Remote workers use an extra 75 per cent gas per day during winter and 25 per cent more electricity than those who go to the office five-days a week, according to estimates from Uswitch.

Everyday uses of household appliances while working from home can add up to push bills hundreds of pounds higher, analysis has found.

Boiling the kettle three times a day will add £8 a month to energy bills, or £100 a year, under the October energy price cap, according to calculations based on figures from Citizens Advice.

Similarly, running a desktop computer for eight hours a day will cost £35.68 a month. Using the oven to cook lunch will add £23.42 to the monthly bills.

Even though returning to the office could mean adding commuting costs, employees are still likely to be better off by £1,500.

The average commute by car costs £1,006 a year, latest pump prices from the RAC show. This is based on the average daily commute being 5,040 miles a year, according to research from comparison site Confused.com.

The typical car in the UK runs 38.8 miles per gallon, data from research firm NimbleFins has found. Renny Biggins, of trade group The Investing and Saving Alliance, said the rise in the energy bills would be even worse news for those working from home.

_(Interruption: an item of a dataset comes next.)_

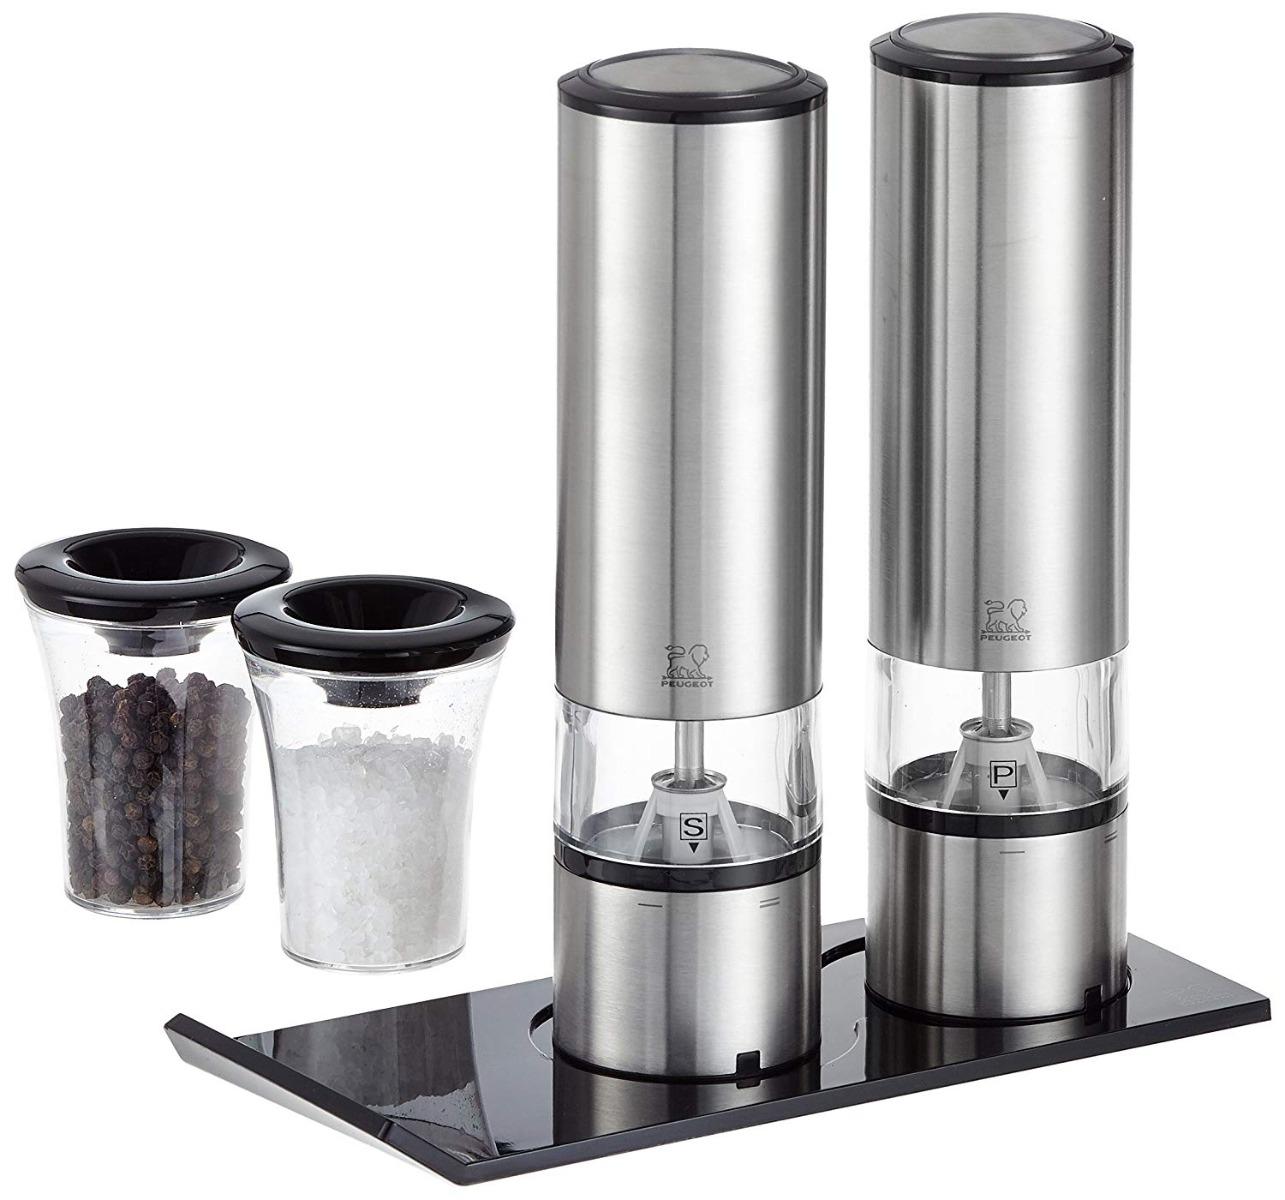 Elis Sense DUO Salt & Pepper Set with tray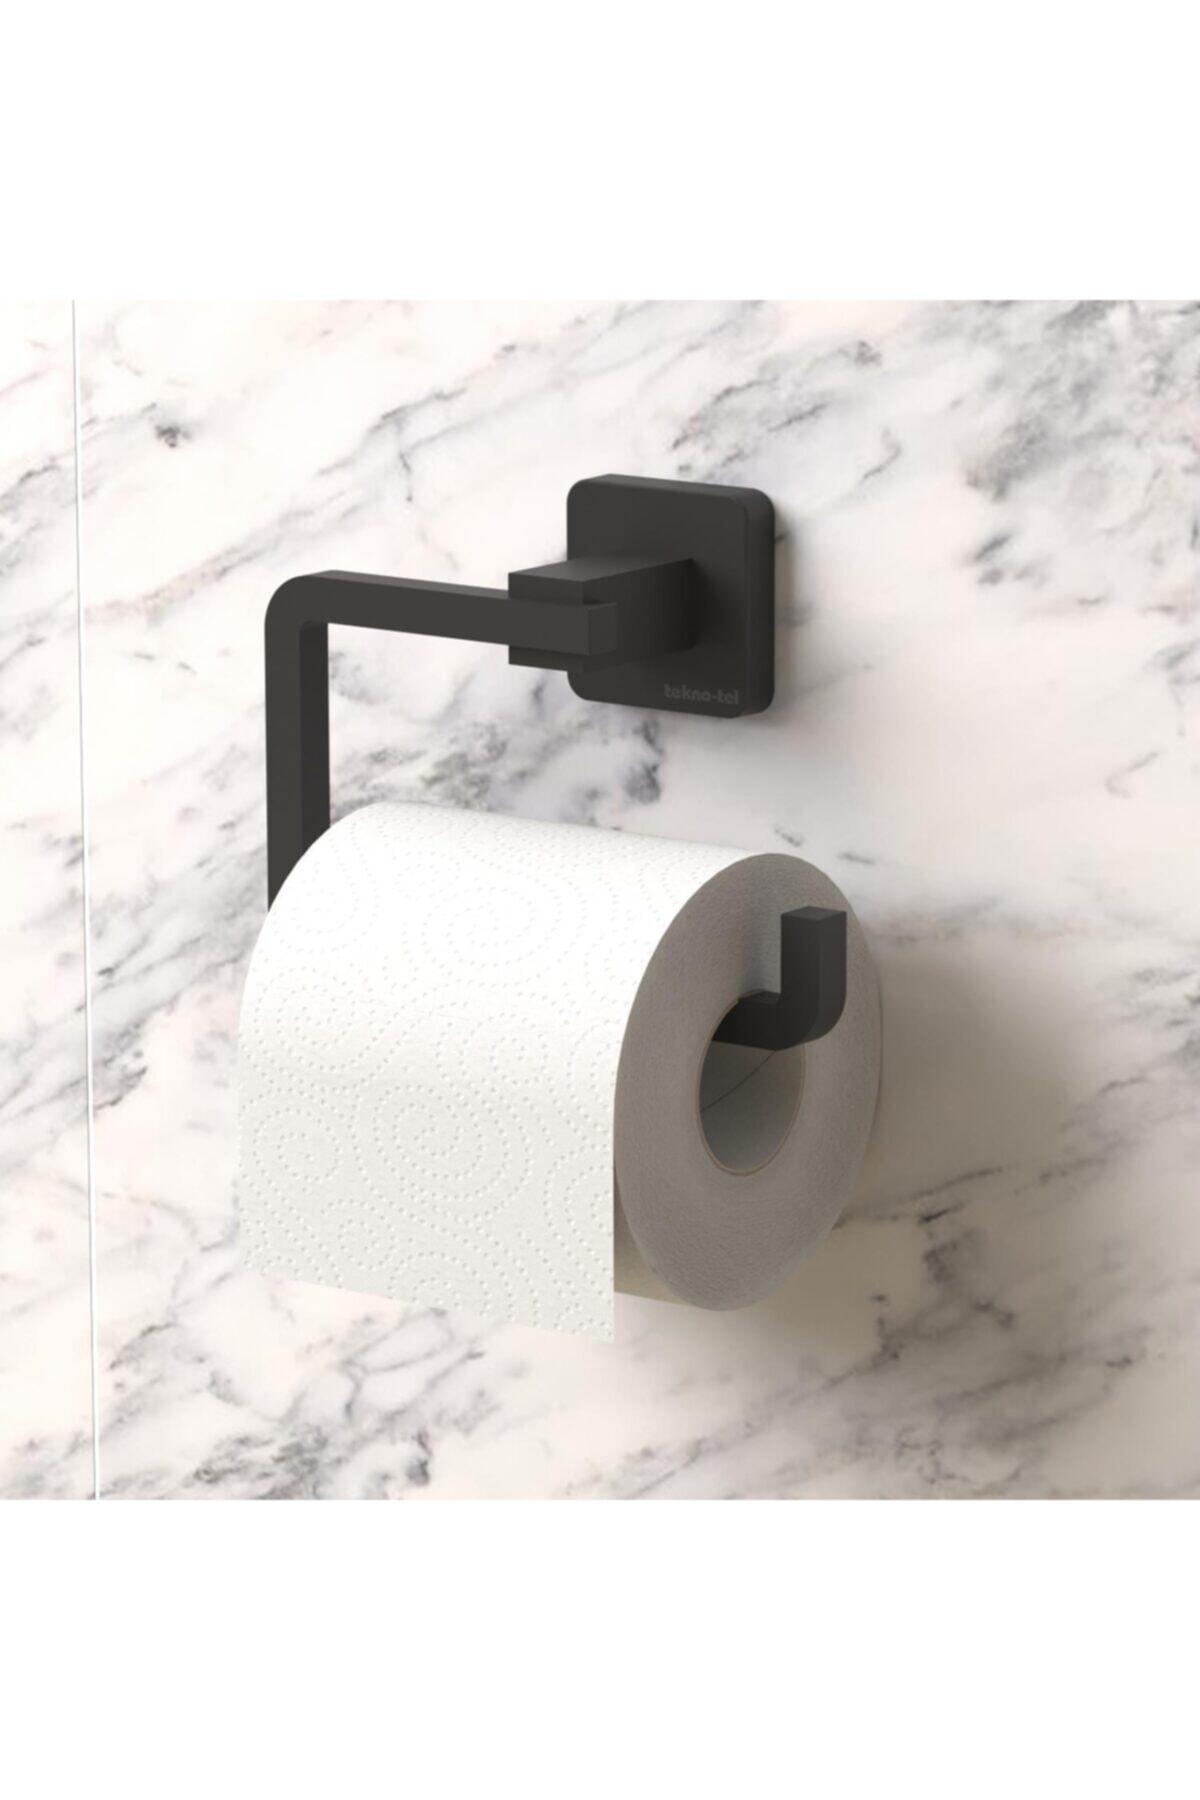 Teknotel Ömür Boyu Paslanmaz Tuvalet Kağıtlık Mat Siyah Mg394 2

Even if it only costs an additional £700 a year to work from home, a basic rate taxpayer would need to earn nearly £900 a year more just to cover the cost, he calculated.

“Even with high fuel and train costs, it may prove more cost effective to pay any commuting costs and work in a warm office,” he said.

Higher energy bills could help some of Britain’s largest employers, who have been attempting to lure workers back to the office and in some cases issuing mandates to return.

Sarah Coles, of stockbroker Hargreaves Lansdown, said the “horrible scale” of the energy price increase would force people to reconsider spending they have always taken for granted.

“Even for those who consider themselves to be comfortable, this is a serious enough crisis that they’re going to need to find new solutions,” she said.

However, the cost of commuting may outweigh savings made on heating for some home workers, she said.

“Instead, people may have to reconsider how they use their heating, so instead of leaving it on all day they focus on trying to retain as much heat as possible in the rooms they’re using, through things like more draught-proofing.”